The Diocese of Montalto (Latin: Dioecesis Montis Alti) was a Latin Church ecclesiastical territory or diocese of the Catholic Church located in the town of Montalto delle Marche in the Province of Ascoli Piceno in the Italian region of Marche. The diocese was erected in 1586 by Pope Sixtus V (Felice Peretti di Montalto), a native of the town. The diocese was suppressed in 1986, and its territory was assigned to a new entity, called the Diocese of San Benedetto del Tronto–Ripatransone–Montalto.

== Ecclesiastical history ==
On 24 November 1586, the Diocese of Montalto was established from territory split from the Diocese of Fermo.

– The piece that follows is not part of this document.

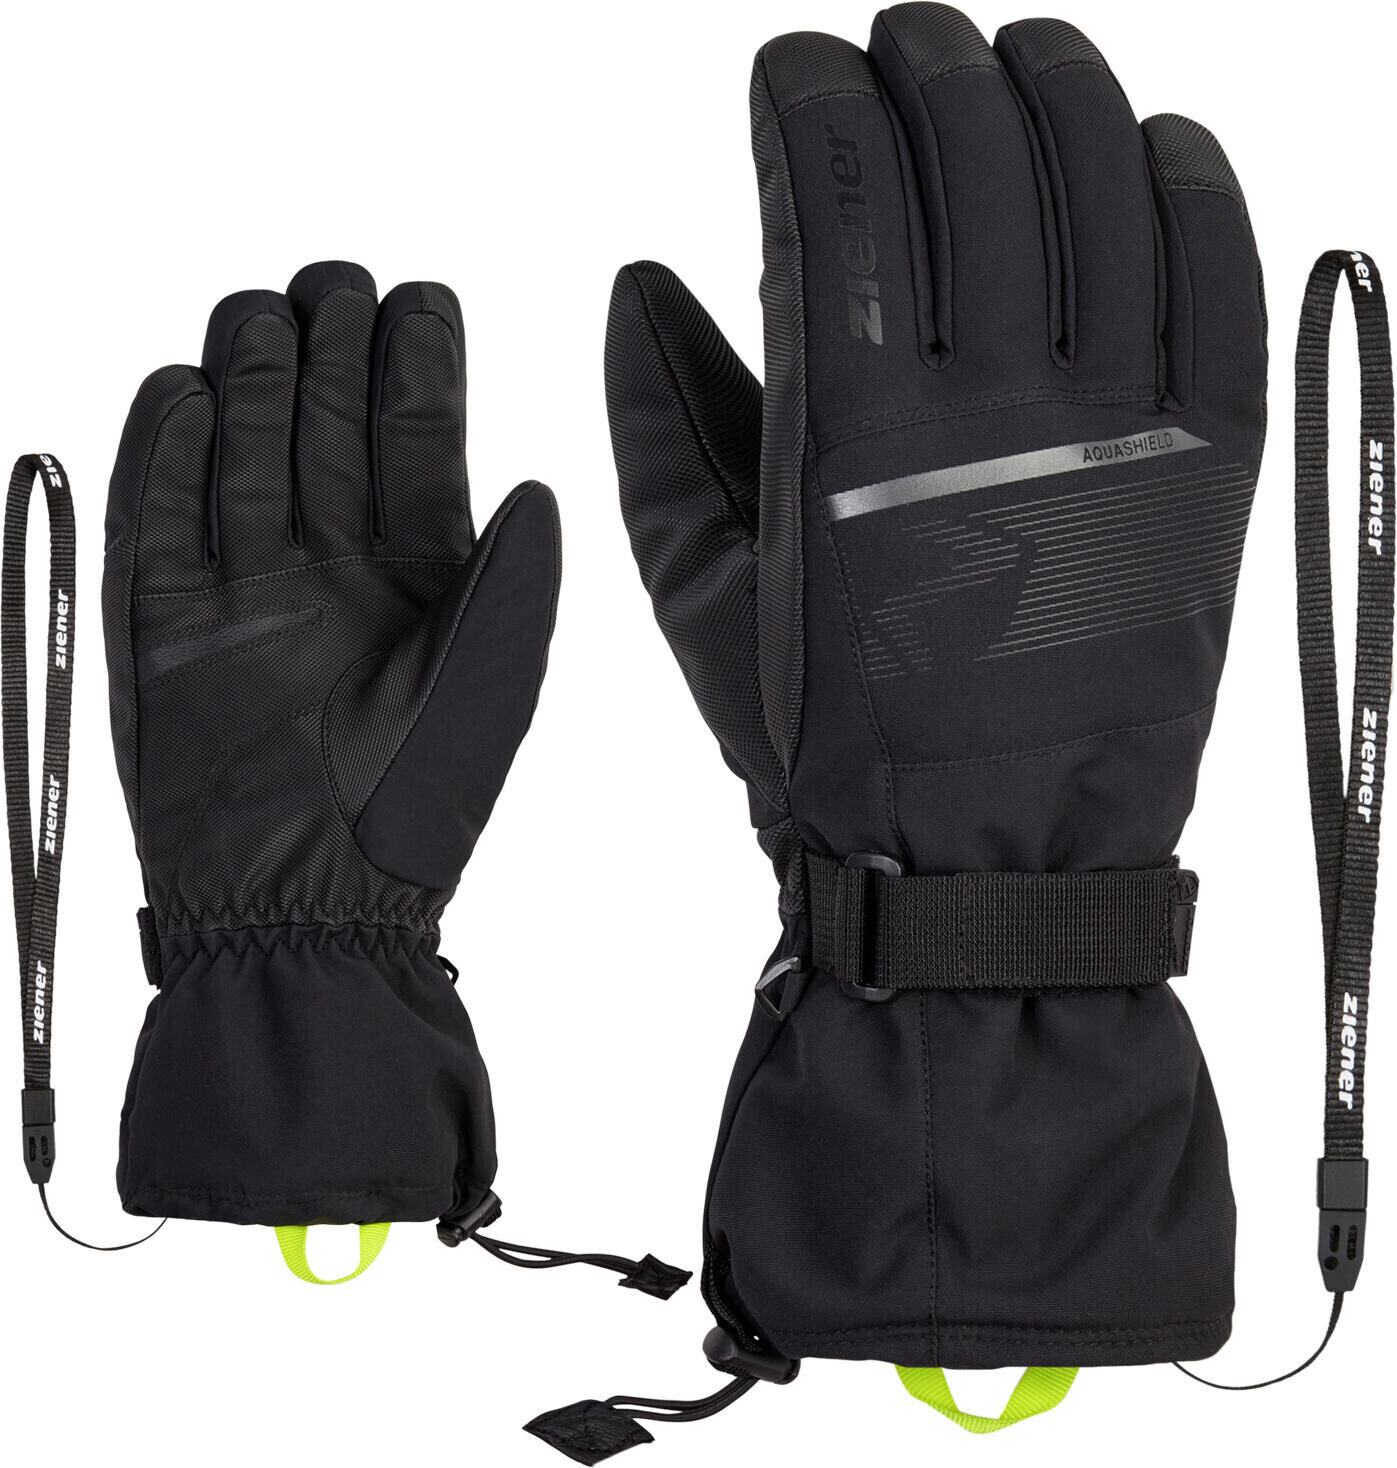 Ziener Gentian ASR Glove Ski Alpine black ab 42,48 € | Preisvergleich bei

In a papal bull of 18 December 1924, Pope Pius XI united the Diocese of Ripatransone with the diocese of Montalto ad personam episcopi. He appointed Luigi Ferri as Bishop of Ripatransone with Montalto, and ordered a change in the title of the bishop to Episcopus Montis alti et Ripanus. In 1980, the diocese of Montalto had a population of only 31,500 persons.

===Restructuring===
The Second Vatican Council (1962–1965), in order to ensure that all Catholics received proper spiritual attention, decreed the reorganization of the diocesan structure of Italy and the consolidation of small and struggling dioceses. It also recommended the abolition of anomalous units such as exempt territorial prelatures. These considerations applied to Montalto and to Ripatransone as the population migrated in the post-war period to jobs on the coast at San Benedetto.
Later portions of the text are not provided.